All my dogs are a bit obsessed with the baby goats. I have one that sounds like yours. She loves them but she's also a dork and at times thinks she can play with them. I've had her a year and she has calmed down on the playing because she gets scolded over it. I still don't 100% trust her to just be with babies but I feel better about it. The only thing I can't get threw her head is that their mothers are their mothers, just because they hate you doesn't mean they are going to harm the kids


----------



## PurpleToad (Feb 14, 2016)

Jessica84 said:


> All my dogs are a bit obsessed with the baby goats. I have one that sounds like yours. She loves them but she's also a dork and at times thinks she can play with them. I've had her a year and she has calmed down on the playing because she gets scolded over it. I still don't 100% trust her to just be with babies but I feel better about it. The only thing I can't get threw her head is that their mothers are their mothers, just because they hate you doesn't mean they are going to harm the kids


I don't let her out with them unsupervised. When I do let her out she runs right to the laundry room and starts sniffing them through the wire crate they are currently kept in and her entire butt just wiggles with excitement the entire time. I'll just keep an eye on her and maybe when they're bigger and outside I can work on introducing them with the goats wandering around and the dog on leash.


----------



## toth boer goats (Jul 20, 2008)

I agree, do not allow them to be unsupervised.


----------



## PurpleToad (Feb 14, 2016)

toth boer goats said:


> I agree, do not allow them to be unsupervised.
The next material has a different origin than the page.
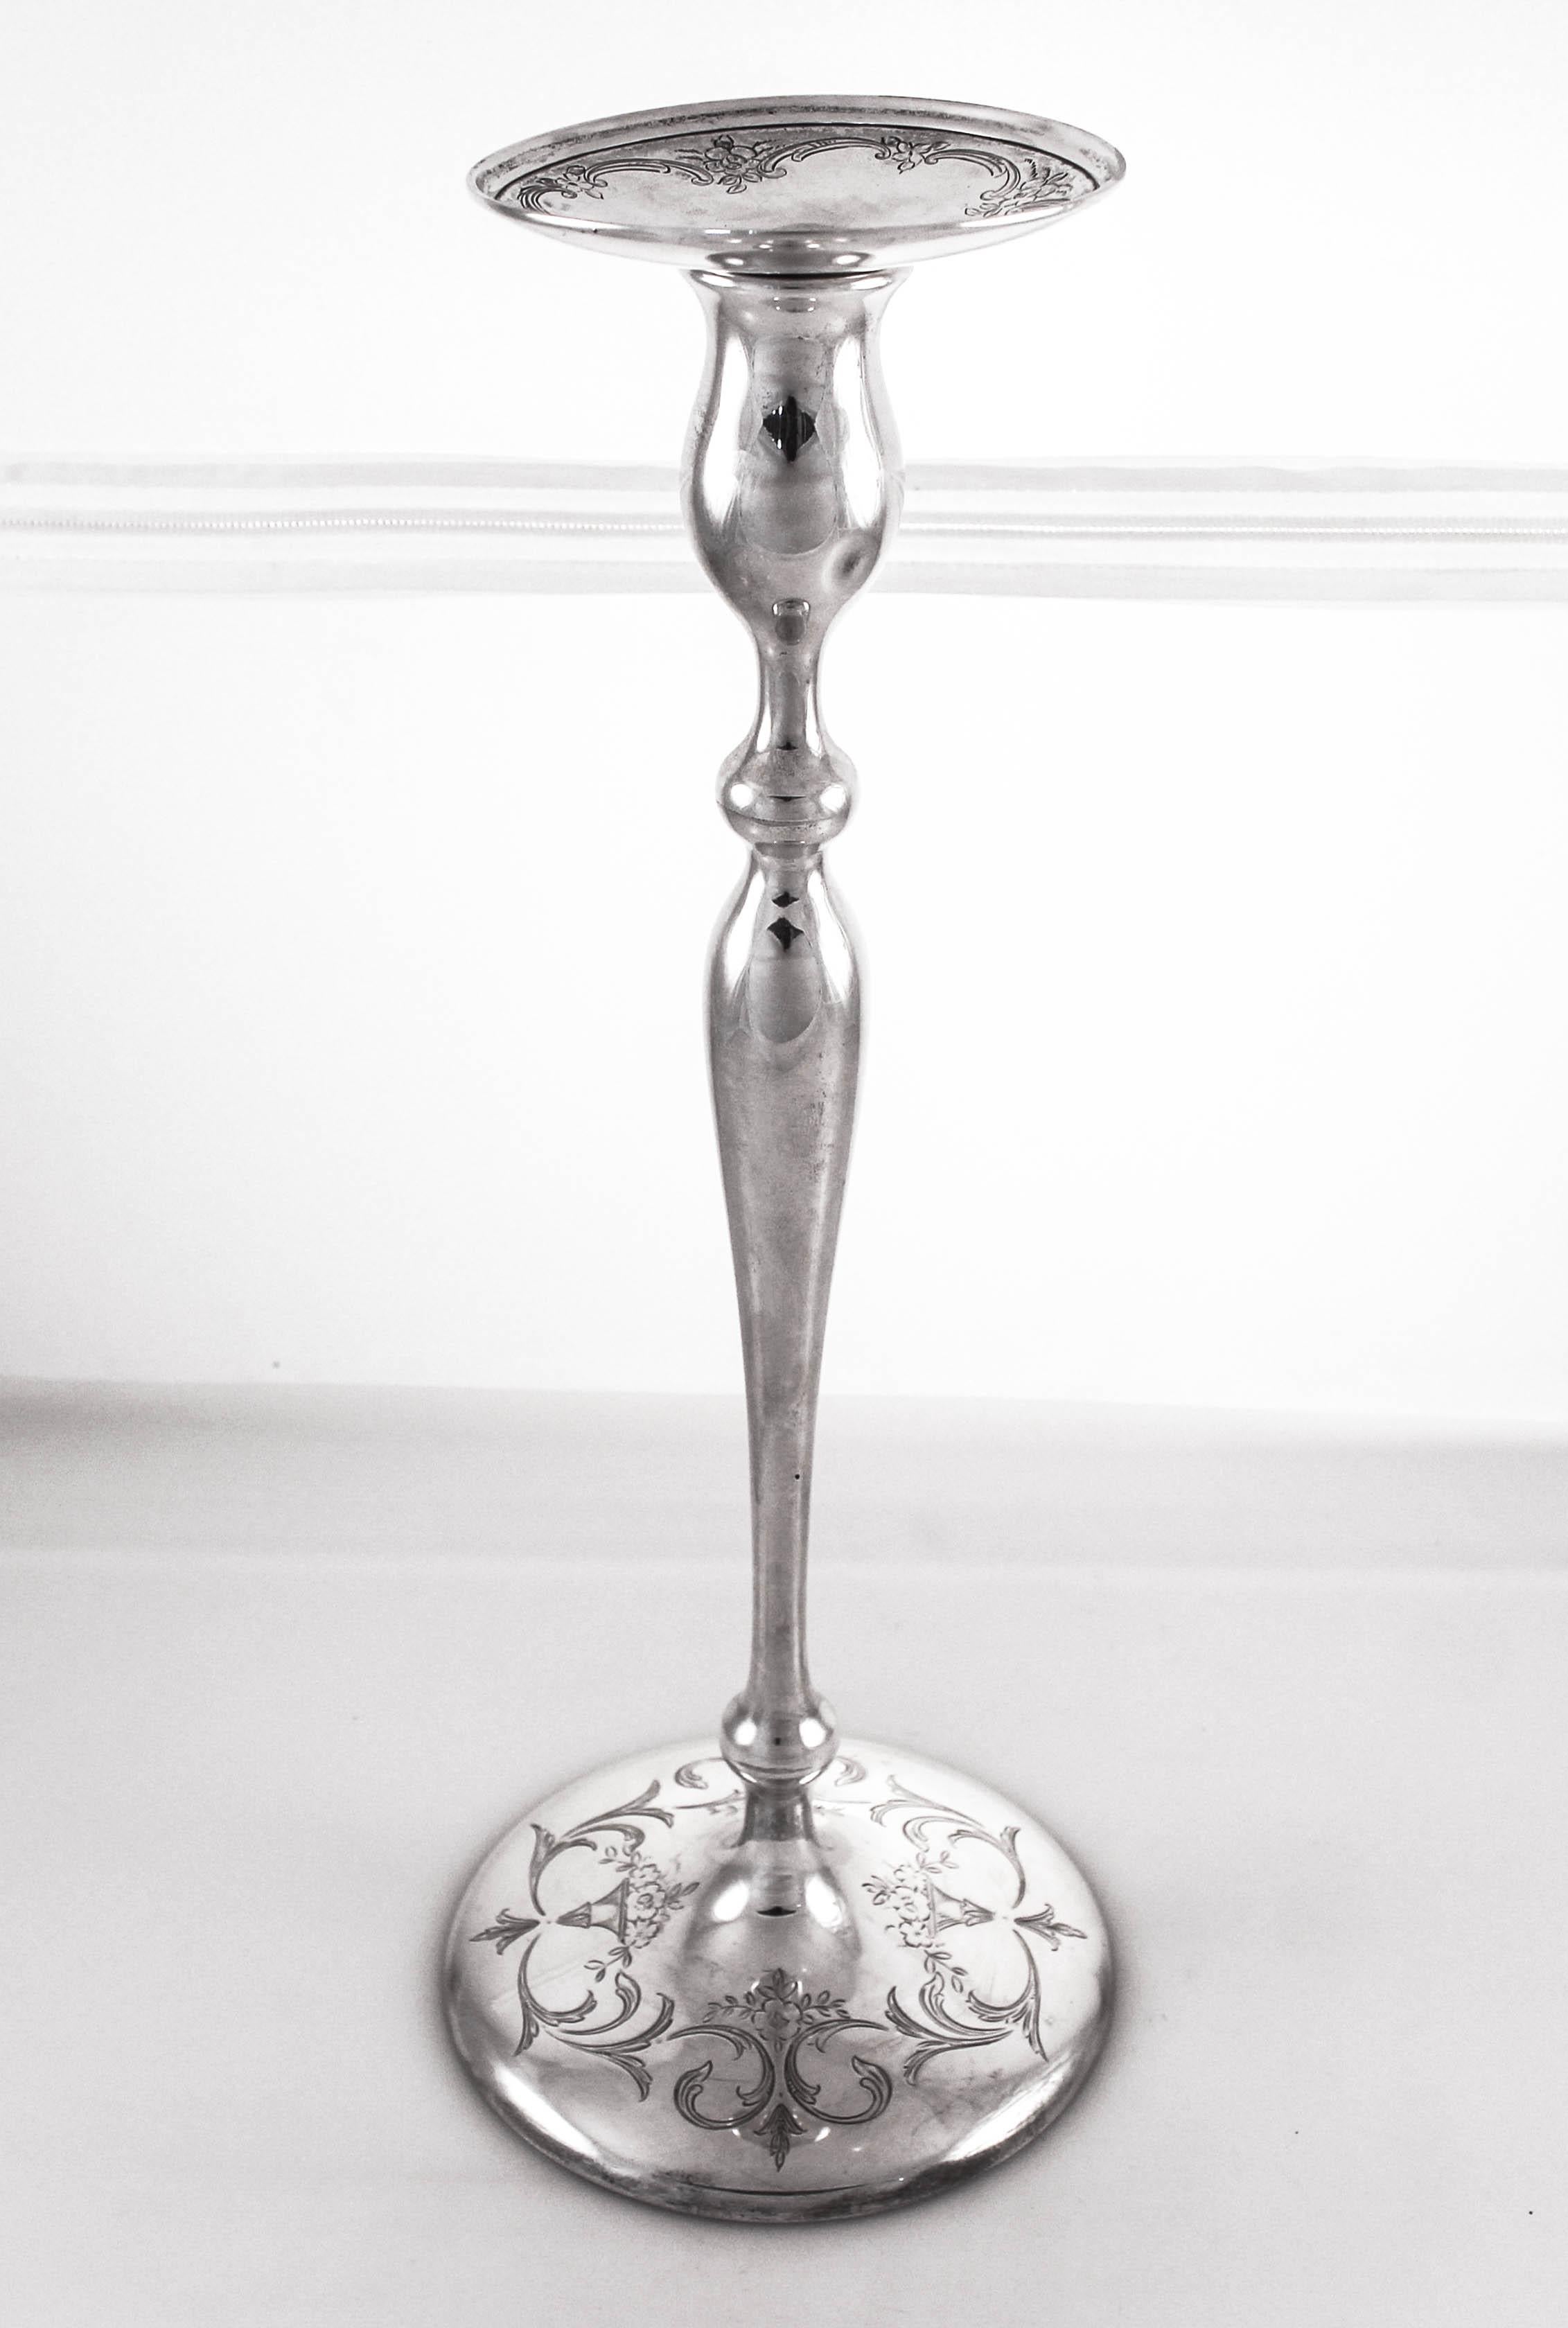 An exceptional pair of sterling silver candlesticks by Shreve Crump and Low of San Francisco. Delicate etching can be found around the base and bobeche. They are very tall and have a feminine silhouette. Curves and a tapered bottom that make them so

If there is ever an instance where they HAVE to be out together I'll try to make sure my dog has her harness on. She doesn't hate it but it does work to calm her down tremendously. We put it on when company comes over and she calms down a lot.


----------



## Jessica84 (Oct 27, 2011)

I would let her check them out while you are around. Let her start learning biting and rough play is a 'NO' while you are around. That way say she gets out while your gone one day it's not going to be this new toy for her, if that makes sense. 
I have two rabbits in cages in the house. My one dog would sit there for hours just watching them. So I took them out and yeah she tried to chase them and she got in trouble, then she really got up close and personal checking them out and now, because she likes them will check in with them but it's not this obsession to really check them out


----------



## PurpleToad (Feb 14, 2016)

Jessica84 said:


> I would let her check them out while you are around. Let her start learning biting and rough play is a 'NO' while you are around. That way say she gets out while your gone one day it's not going to be this new toy for her, if that makes sense.
> I have two rabbits in cages in the house. My one dog would sit there for hours just watching them. So I took them out and yeah she tried to chase them and she got in trouble, then she really got up close and personal checking them out and now, because she likes them will check in with them but it's not this obsession to really check them out


When we leave she is put in her pen which is in our bedroom. It's also where she sleeps at night. It's a newer model of the pen we've got the goats in and so far it's held up to Tux's head-butting. So yeah we're letting her have limited interactions with them at this point.


----------